Part of what bugs me is this mythos of happy, cheerful, clever, witty people who are lubricated by alcohol as a persistent theme in literature and film. Think of the bums in John Steinbeck’s 1945 novel Cannery Row, or the gang in the bar of the TV show Cheers. Then there’s the booze-soaked Arthur character of film, or how about the delightful sot, Elwood Dowd, and his giant invisible rabbit friend, Harvey? The more they all drink, the more cheerful, witty, clever and delightful they become. But in real life, we know that the more people drink, the more obnoxious, dull, depressive, angry, crude, dumb or even violent they become.

Yet, novelists, playwrights and film producers can’t resist this “delightful drunks” motif, and so we get a steady stream of this kind of thing. (Hey, I’m no teetotaler myself – even my dad was the owner of a Minnesota small-town bar, “Mike’s Tavern.”). But one could argue that it's just not all that much of an original concept for literature – on the other hand, one might just as fairly say that this is a popular model for a particular sub-genre. It depends on how you look at it.

As for Alien Blue, an unkind reviewer might say the book lacks originality in ways additional to the pervasive delightful drunk syndrome– the author professes herself an ardent fan of Spider Robinson (of Callahan’s Saloon fame) and Kurt Vonnegut. That she names her viewpoint character “Bill Trout” (who, incidentally, is from a small town in Minnesota like me) is certainly an homage to Vonnegut’s character, Kilgore Trout. However, the author should not be overly surprised, then, if other readers suggest her work is just a tad too derivative of the likes of Vonnegut and Robinson – but more so Robinson, in this case.

It’s not that I dislike science fiction humor. It’s just that I like mine bitter and black, like my coffee. Vonnegut’s Breakfast of Champions and Sirens of Titan are two of the funniest books of all time – but, significantly, these works defy genre and are highly original.
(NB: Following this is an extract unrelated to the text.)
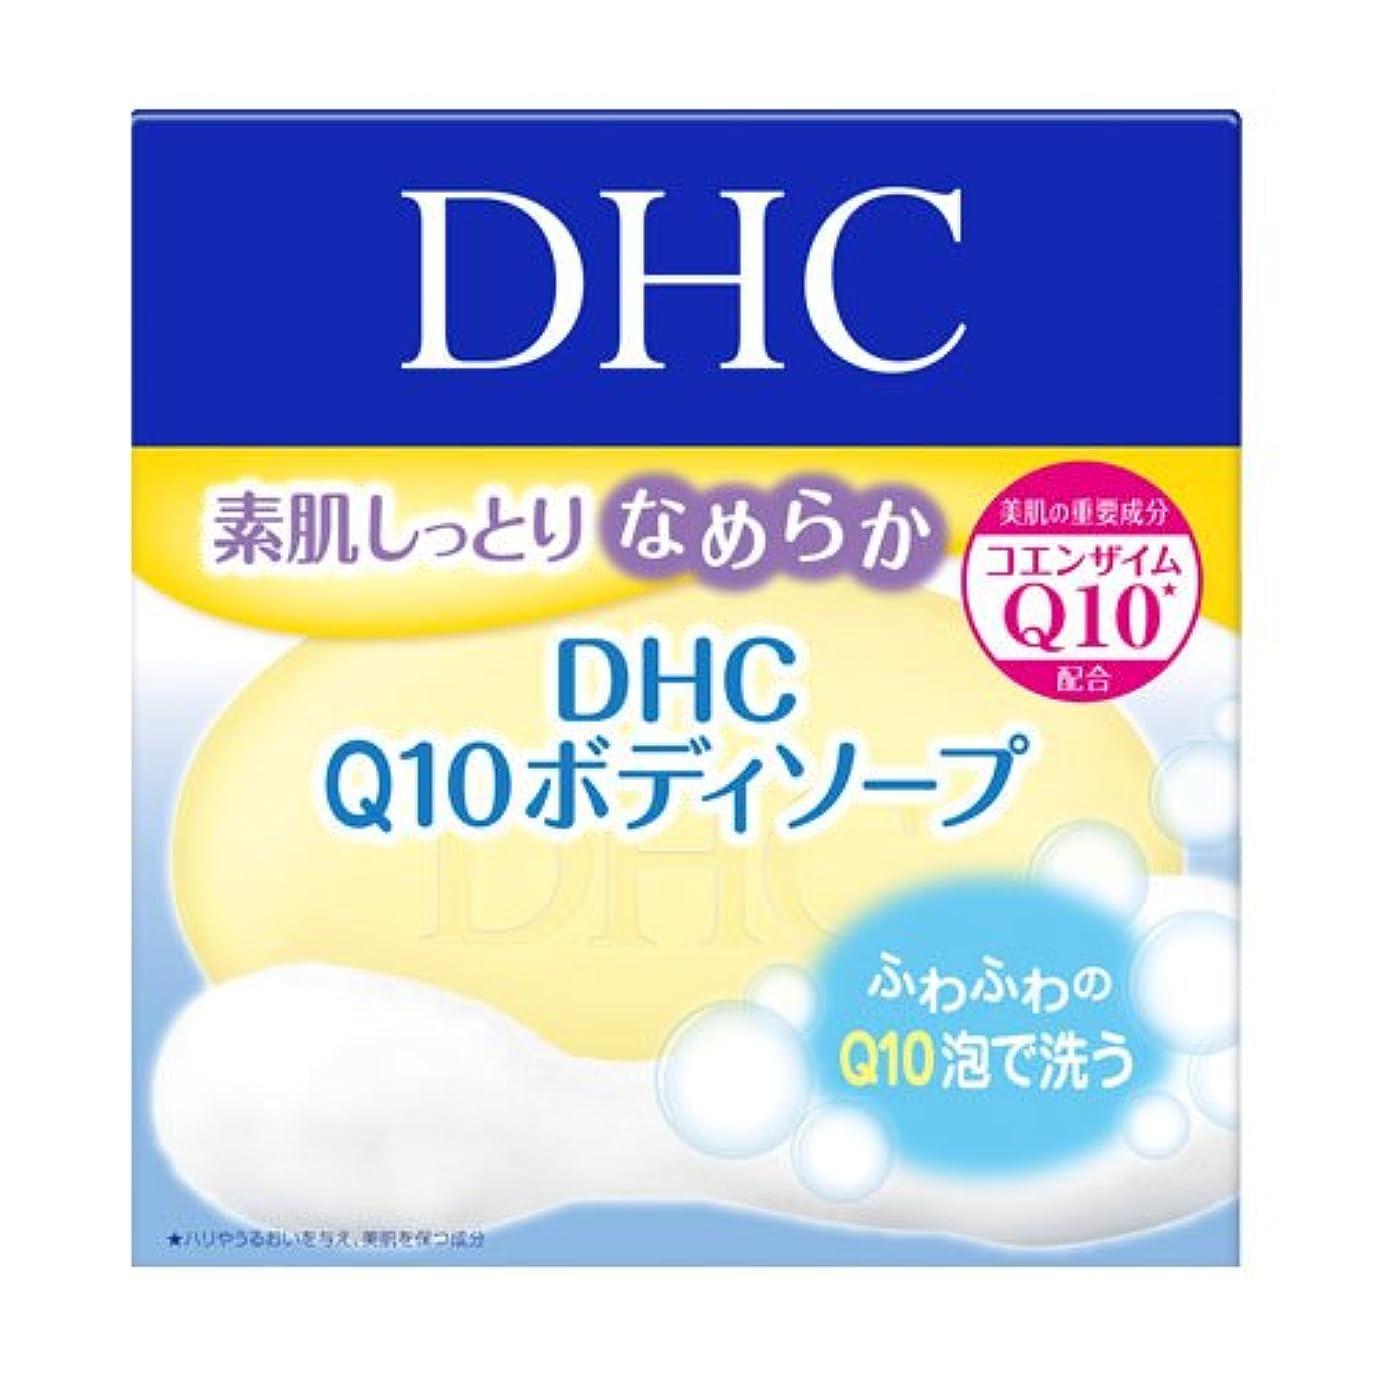 降臨表面没頭するDHC Q10ボディソープ SS 120G

And Jack Vance’s The Eyes of the Overworld and Cugal’s Saga are so sublime (and so funny) as to be completely without peer – they’re masterpieces.

I mention these because I think Knippling is an author capable of writing a masterpiece – I'm not kidding, she’s really that good at rustling words. She’s proven she can skillfully write within sub-genres of genre novels (she’s also the author of a ZOMBIE BOOK) – and other works -- and, well, she's clearly a writer to keep an eye on.